§ **Data segment**:
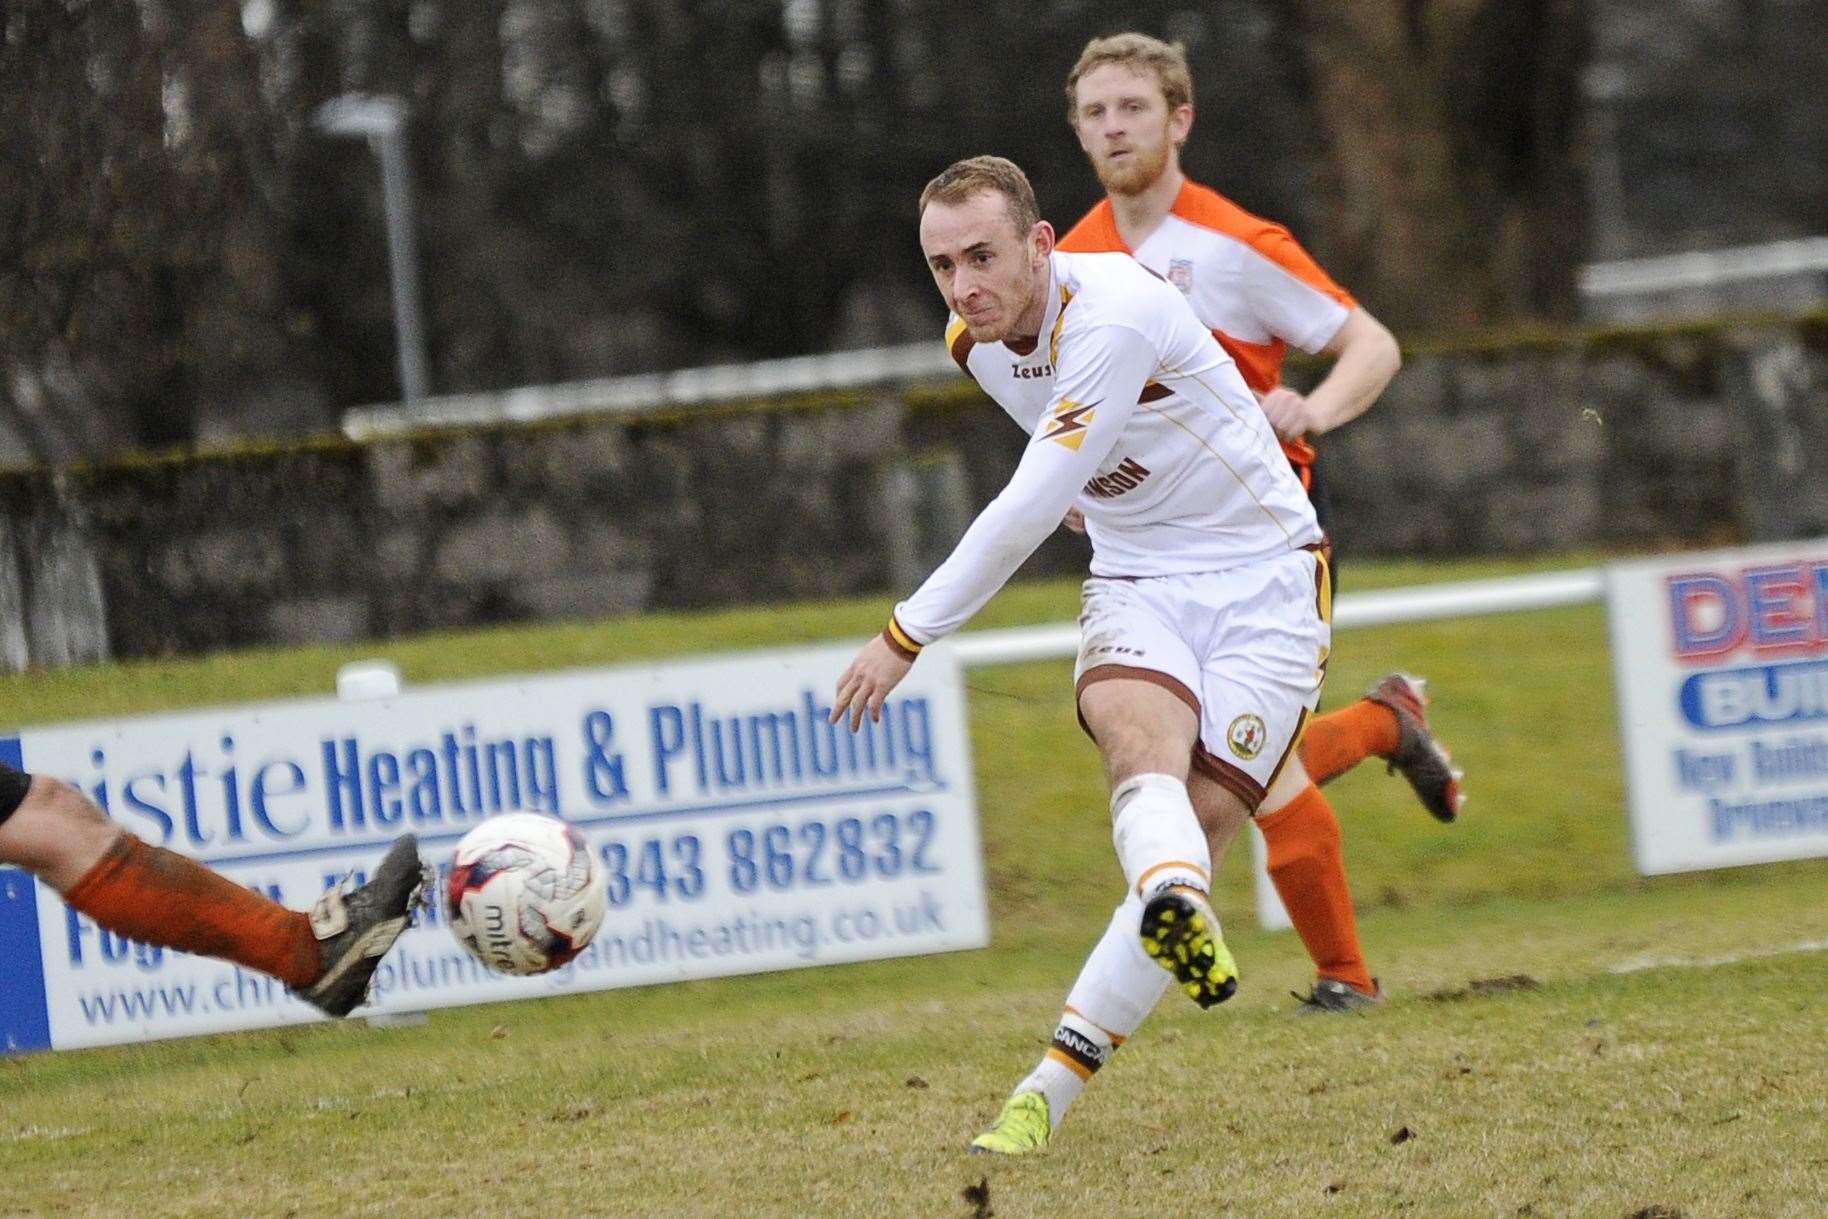 Finlayson playing for Forres Mechanics.
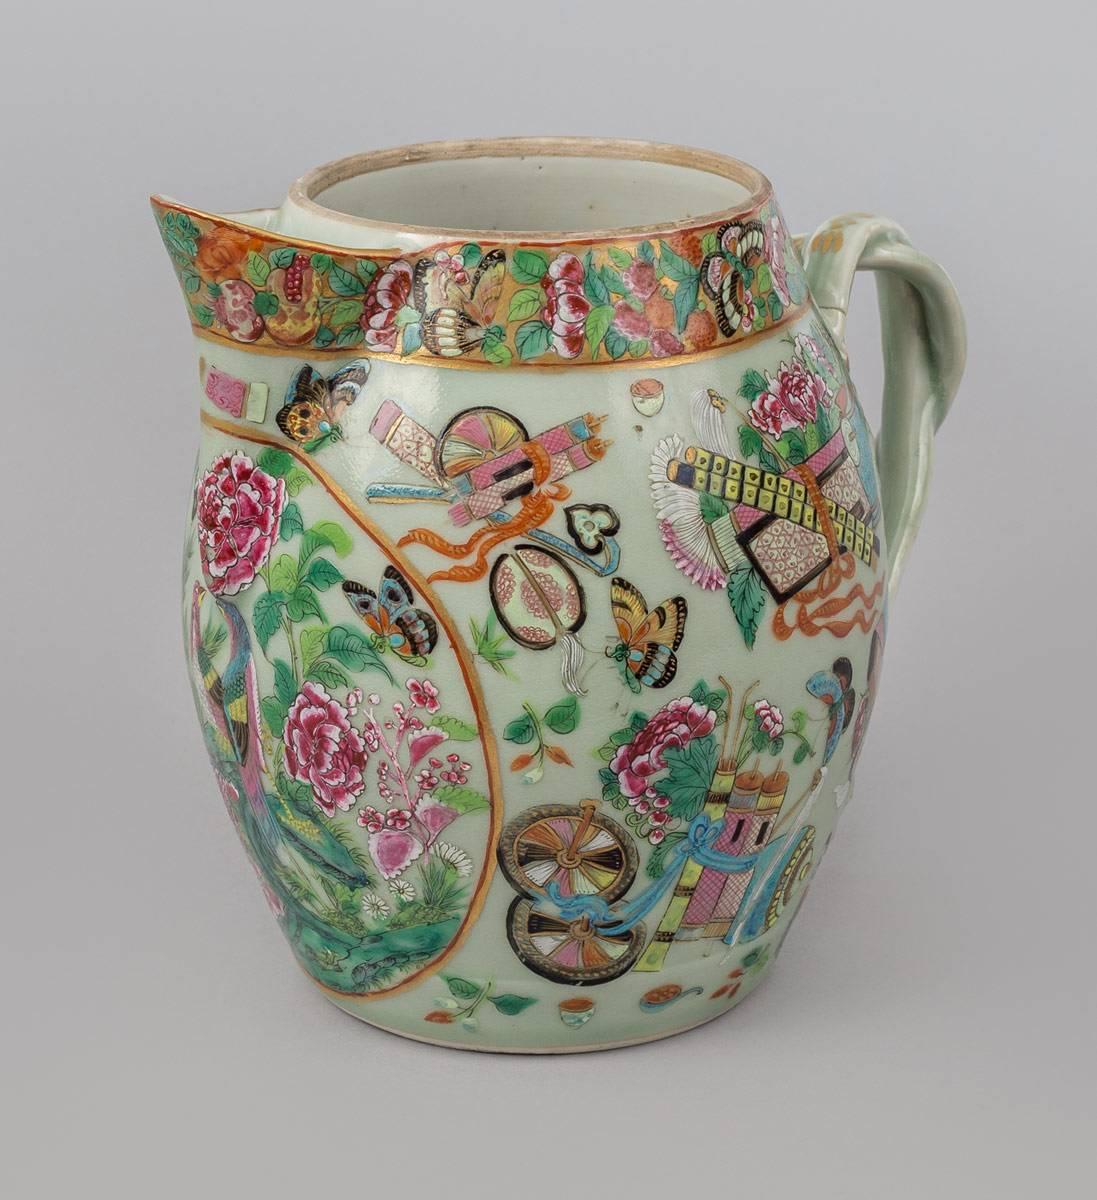 Very unusual large Chinese Export Canton porcelain cider jug in the famille rose palette decorated with exotic birds, butterflies, chrysanthemums, items for celebration, elegant intertwined strapped handles ending in gilded foliate terminals. The
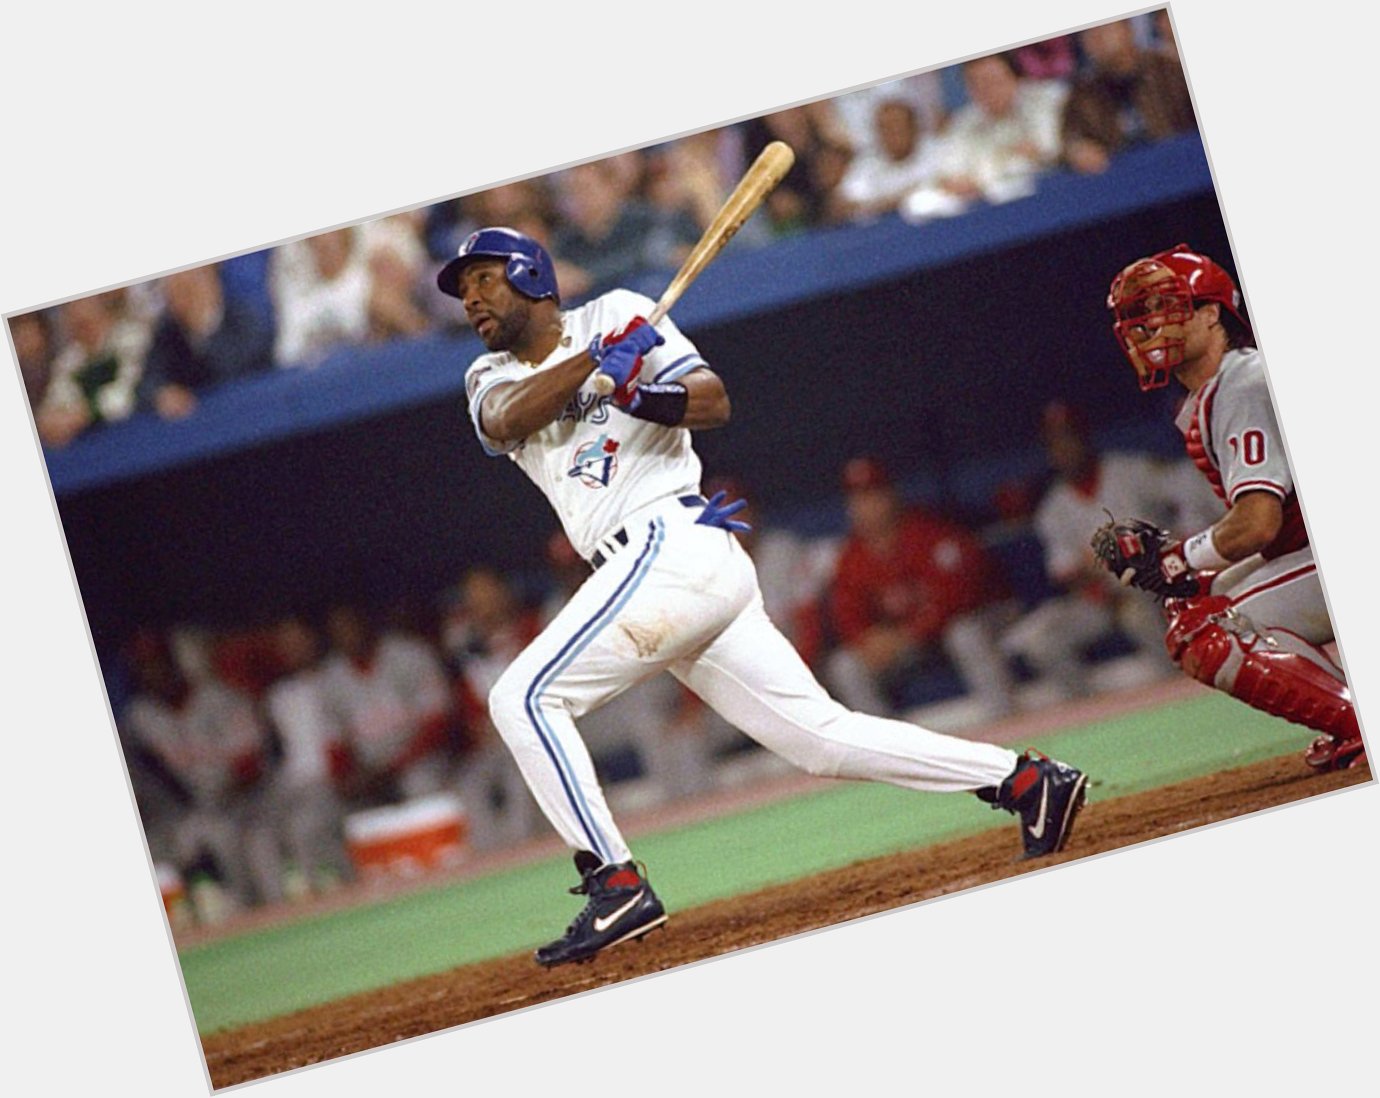 He would like to wish a happy birthday to former great Joe Carter. He turns 58 today. 
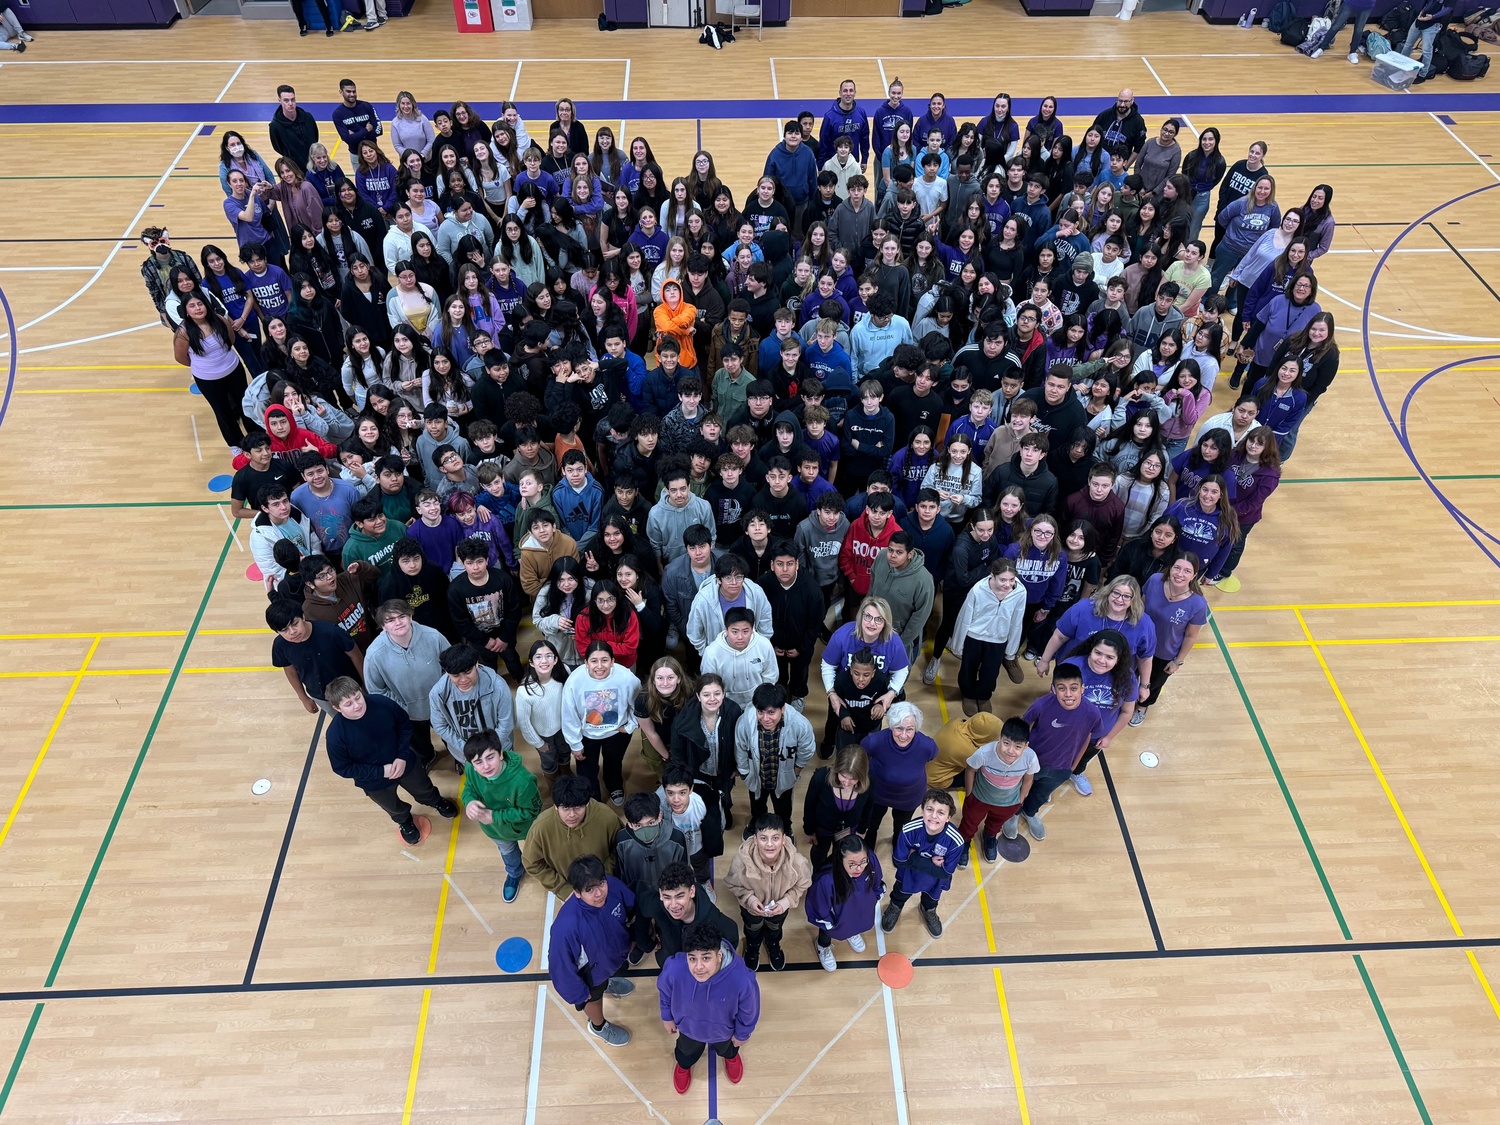 Hampton Bays Middle School students celebrated P.S. I Love You Day on Feb. 9 to raise awareness about bullying and suicide while promoting kindness. The students embraced the theme by showing kindness to their peers. They wrote positive messages on Post-it notes, created displays in their hallways and wore purple. They also formed a large heart for a group photo in the school’s gym. COURTESY HAMPTON BAYS SCHOOL DISTRICT

§ **Task directions**: Print the material exactly as given, but not the pictures.

§ **Response to this exercise**:
 Finlayson playing for Forres Mechanics.
 Very unusual large Chinese Export Canton porcelain cider jug in the famille rose palette decorated with exotic birds, butterflies, chrysanthemums, items for celebration, elegant intertwined strapped handles ending in gilded foliate terminals. The
 He would like to wish a happy birthday to former great Joe Carter. He turns 58 today. 
 Hampton Bays Middle School students celebrated P.S. I Love You Day on Feb. 9 to raise awareness about bullying and suicide while promoting kindness. The students embraced the theme by showing kindness to their peers. They wrote positive messages on Post-it notes, created displays in their hallways and wore purple. They also formed a large heart for a group photo in the school’s gym. COURTESY HAMPTON BAYS SCHOOL DISTRICT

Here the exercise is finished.